Well since this was a premade crust in the pizza kit it was fairly easy... I went 225 and smoked it for about an hour... checked on it and let it go for another 30 or 40 min... crust was perfect (now i was farily intoxicated, so don quote me on those exact times LOL... I would deff check it after and hour, but i am 90% sure i went about a total of 1hr 45min @ 225)... next one will be done w/ a homemade dough... im thinking of putting the dough in the oven on high heat for about 10 min let it cool so it is stiff enough to go right on my grate...


----------



## hdsmoke (Jun 11, 2010)

You mean you tend to drink when you smoke?  I dont believe it! 
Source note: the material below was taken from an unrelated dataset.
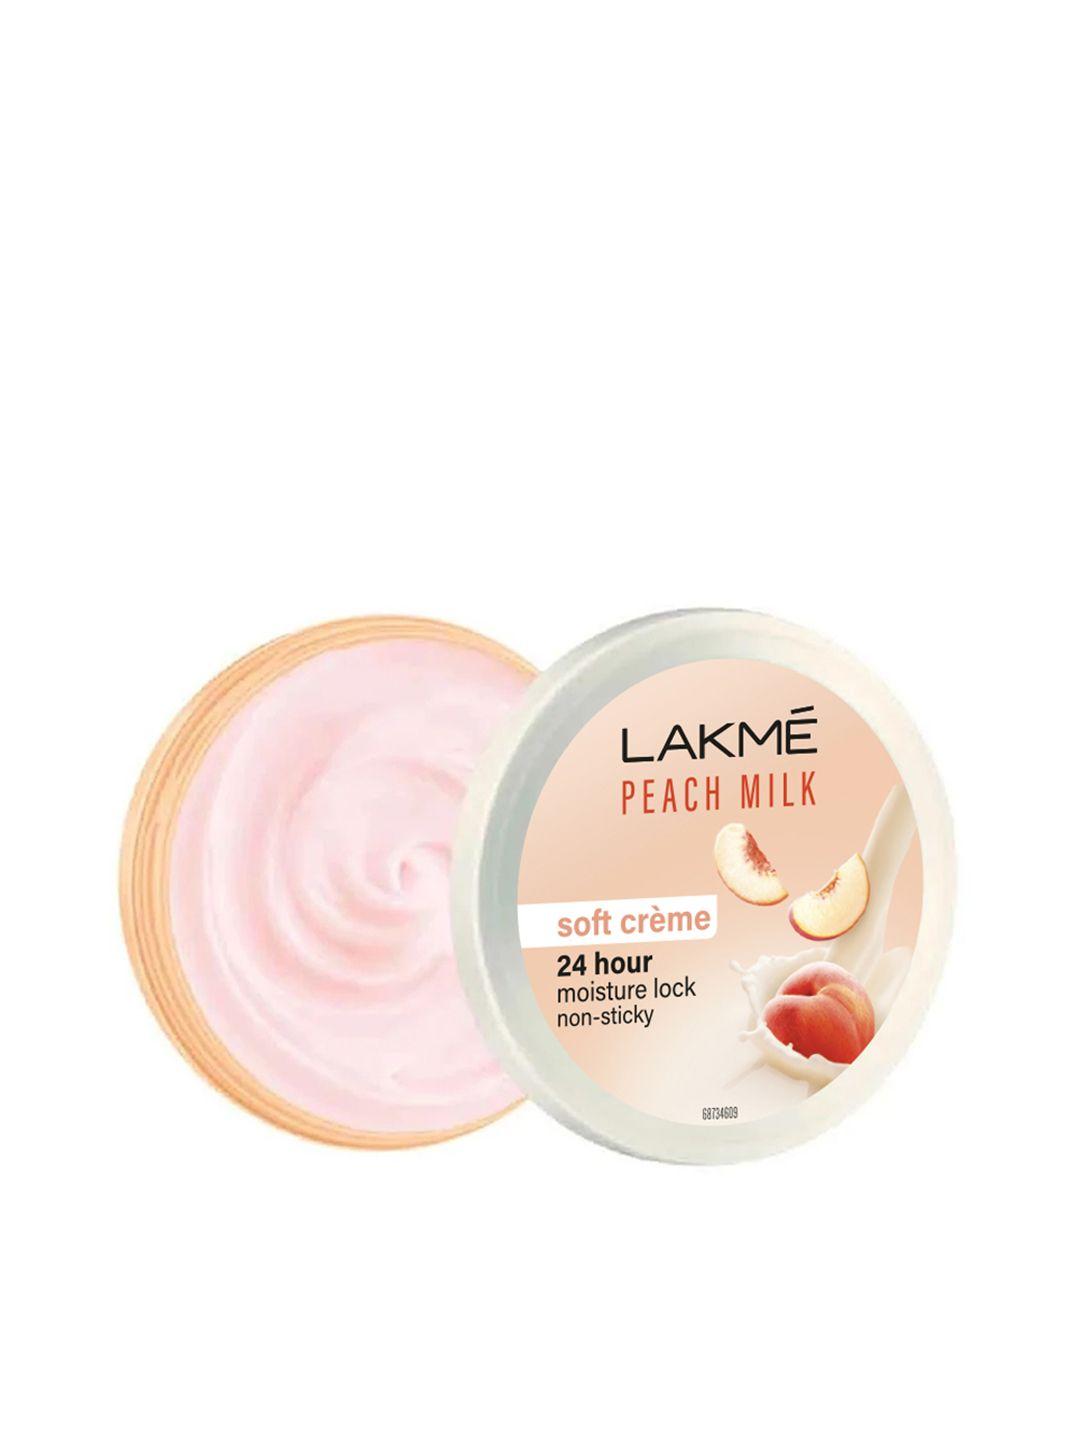 Lakme Peach Milk Soft Creme Moisturizer 250g

Temp was more was what i was wondering.  I wondered if you went all the way up  to oven temp or kept it down at smoking temp.  I have seen it done on here both ways.  I have a WSM and was thinking about doing it either with no water in the pan, or with no pan at all to get it a little hotter to crisp things up.  Oh well...im sure even a test run will taste good!


----------



## smokin relaxin steve (Jun 11, 2010)

LOL!!! Beer & Me... noooooooooo

Yeah it was kind of an experiment... i kept the water pan... and it wanted to do it long enough to get the smoke flavor... Im thinking if i went with a fresh made (non pre-cooked) dough i would have def hit it with a hire (oven-like) temp...

 


HDsmoke said:


> You mean you tend to drink when you smoke?  I dont believe it!
> 
> Temp was more was what i was wondering.  I wondered if you went all the way up  to oven temp or kept it down at smoking temp.  I have seen it done on here both ways.  I have a WSM and was thinking about doing it either with no water in the pan, or with no pan at all to get it a little hotter to crisp things up.  Oh well...im sure even a test run will taste good!


----------